Dutch Blitz is a fast-paced, family oriented, action card game played with a specially printed deck. The game was created circa 1937 by Werner Ernst George Muller (born 24 August 1912), a German immigrant from Hamburg, Germany, who settled in Bucks County, Pennsylvania. The game is very popular among the Pennsylvania Amish and Dutch community, and among Christian groups in the United States and Canada (primarily in Mennonite communities). The game is similar to Nerts, which is played with standard playing cards and is in turn based on Canfield, a variant of the classic Klondike Solitaire. Unlike Nerts, Dutch Blitz is played with commercially produced cards.

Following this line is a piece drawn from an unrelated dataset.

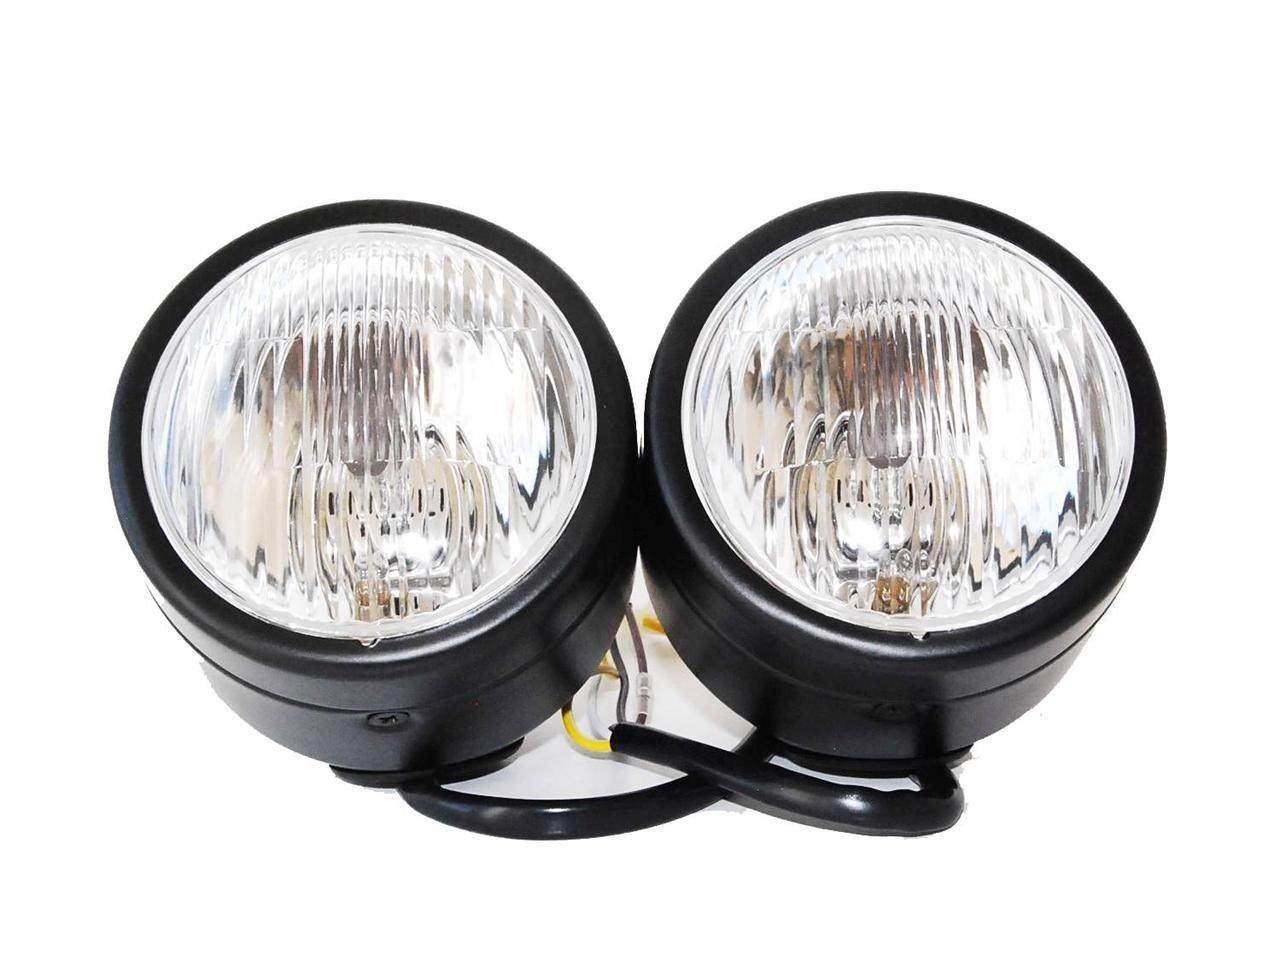 61JvMTm3%2B7L._SL1280_ amazon com black twin headlight motorcycle double dual lamp dominator twin headlight wiring diagram at readyjetset.co
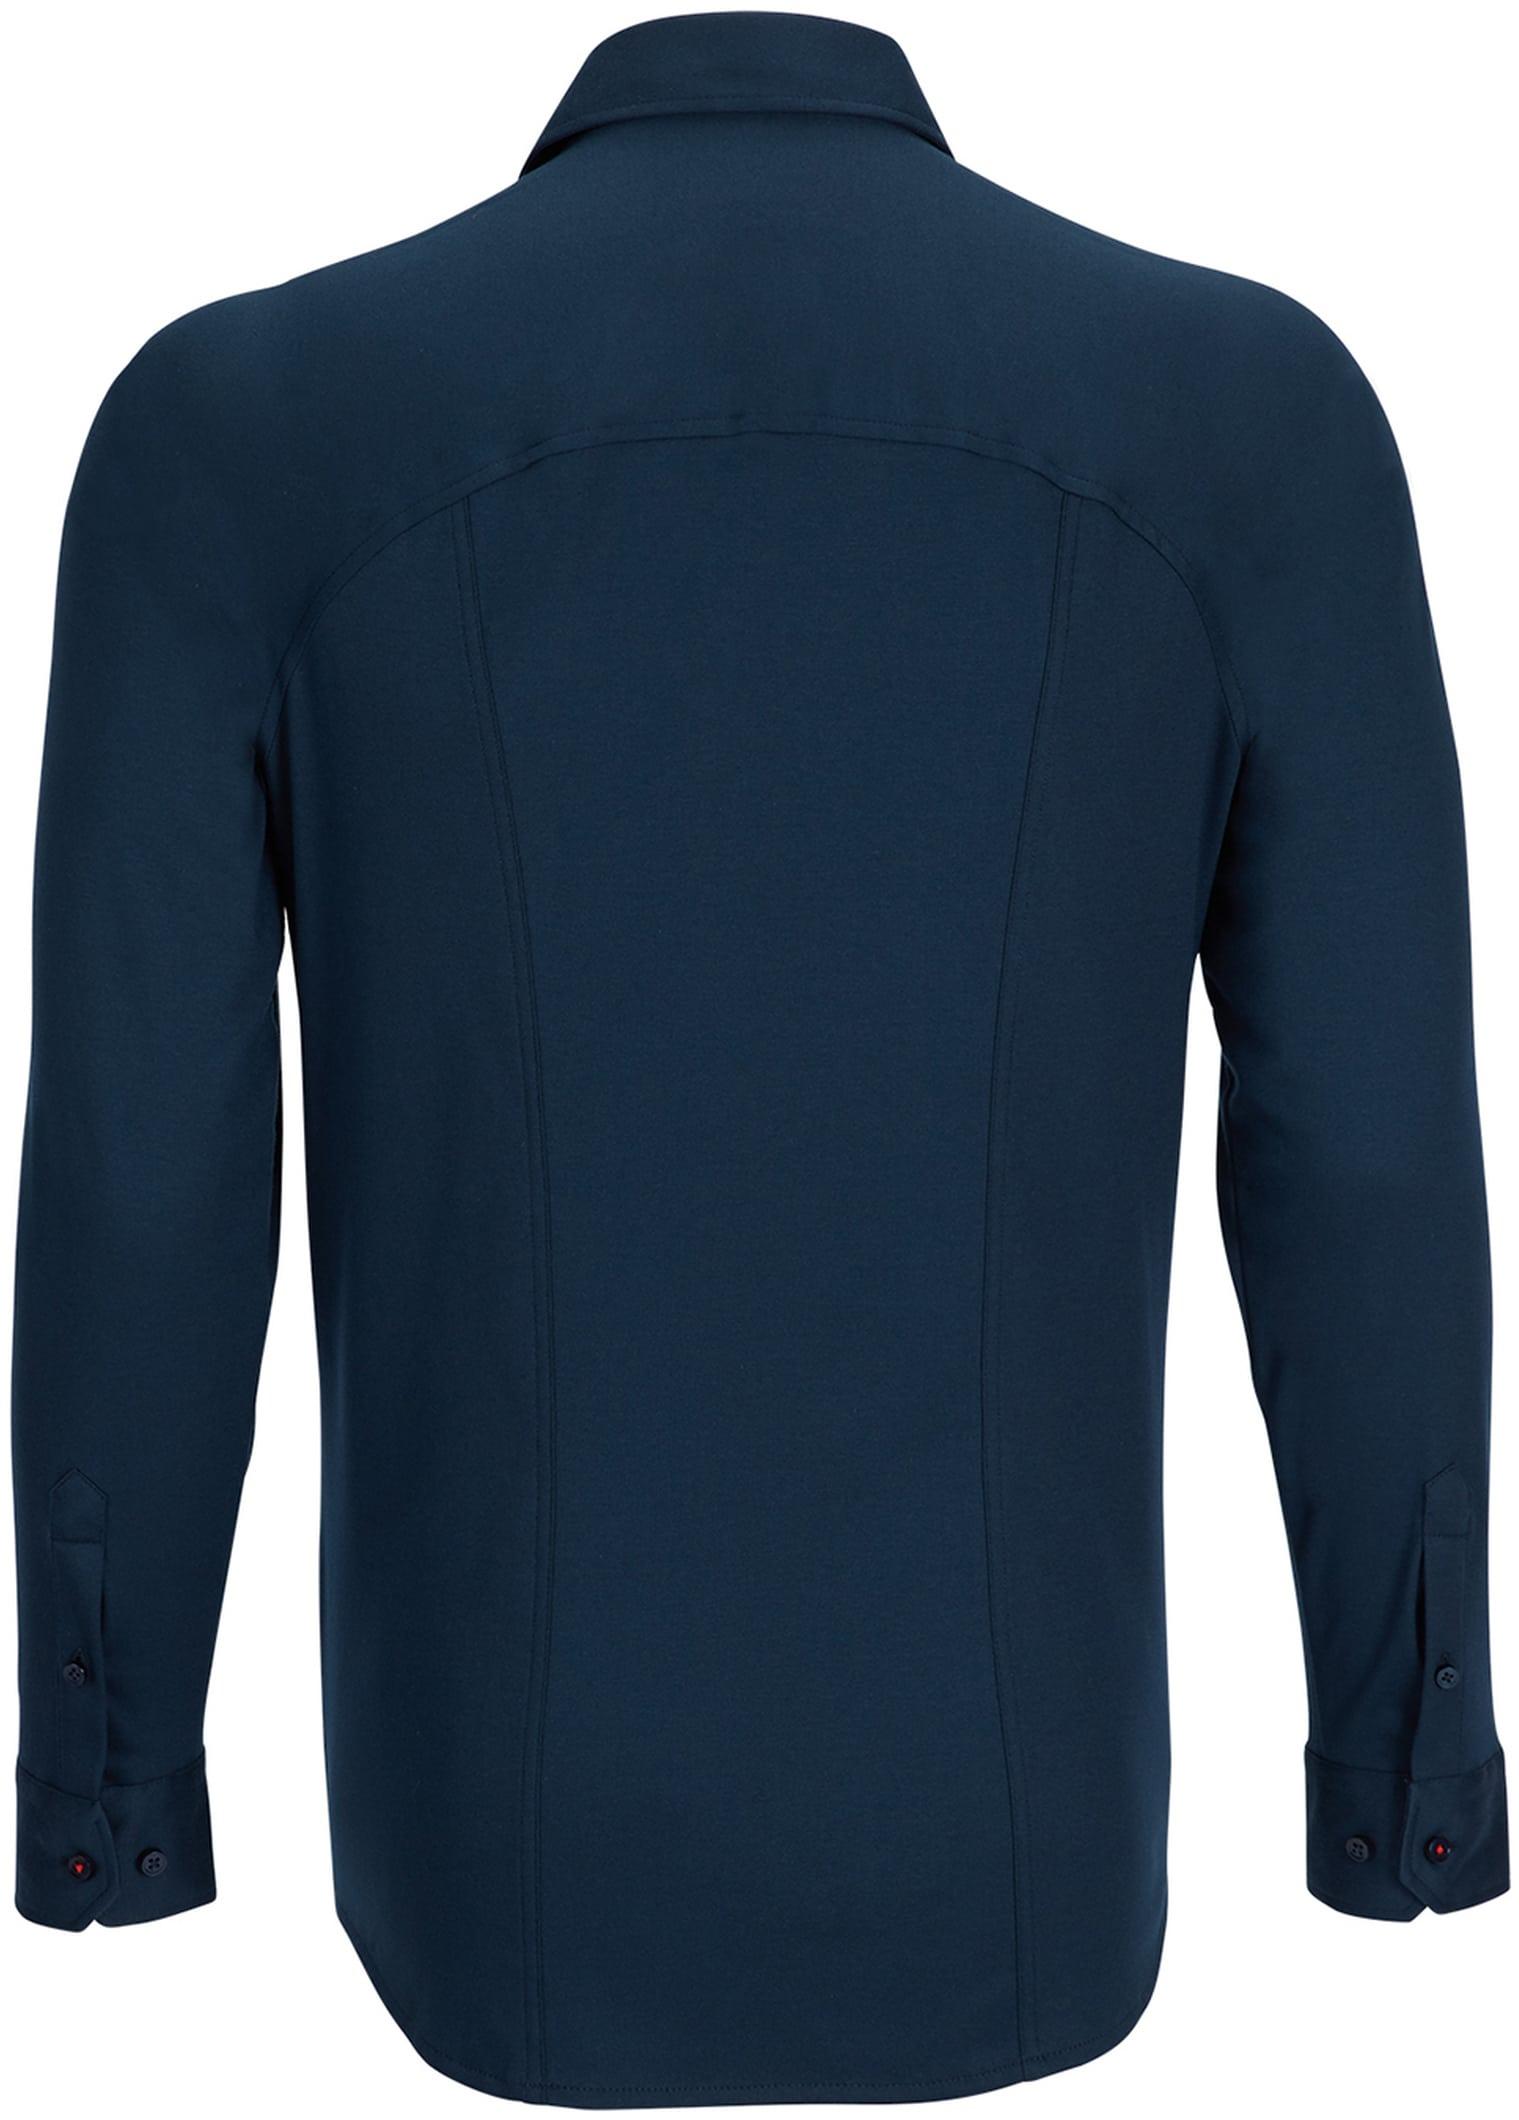 Desoto Overhemd Strijkvrij Donkerblauw foto 1

It is an alternate version of the game Ligretto, manufactured in Germany.

== Contents ==
The game is played with 160 cards, in four decks; Pump, Carriage, Plow, and Pail. Each deck includes 10 red, 10 blue, 10 green, and 10 yellow cards.

== Terminology ==
- Blitz Pile
 This pile of 10 cards is the most important pile of cards to each player since it is the key towards "Blitzing" the other players when all cards from this pile have been cleared.
- Dutch Piles
 Stacks of cards in each of the four colors - 1 through 10 in ascending order - placed in the center of the table and played upon by all players. Each player accumulates scoring points here.
- Post Pile
 Groups of cards placed to the left of both the Blitz and Wood piles in descending order. For each player, the Post Piles serve as a "trading" or replacement area during the game. There are generally three post piles but in a two person game four or five post piles are often used to prevent the game from stalling.
- Your Hand Pile
 Stack of cards built to the right of a player, from cards held in that player's hand.

== Objective ==
The objective of Dutch Blitz is to score points by playing as many cards as possible on Dutch Piles, and by emptying the Blitz Pile as quickly as possible. This is done by playing cards from the Blitz Pile, Post Piles, and Wood Pile on the Dutch piles.

== Point scoring ==
The game ends when a player plays all 10 of the cards out of their Blitz Pile and yells "BLITZ!" Each player scores points at the end of each hand as follows:
1. Add one point for each card that had been thrown out in the Dutch Piles.
2. Subtract two points for each card the player has left in their Blitz Pile.
Usually more rounds are played until one player reaches 75 cumulative points, yet some games have gone on for days at a time.

== Variations ==
A variation of the game relies on larger-sized cards and can be called "Full Contact Dutch Blitz", "Running Dutch Blitz" or "Life Size Dutch Blitz". The larger cards must be physically run to their respective piles. This can also be a team game.

An expansion pack is available for the game that makes the game playable for 5 to 8 players. The expansion changes the colors of the existing Pump, Carriage, Plow, and Pail.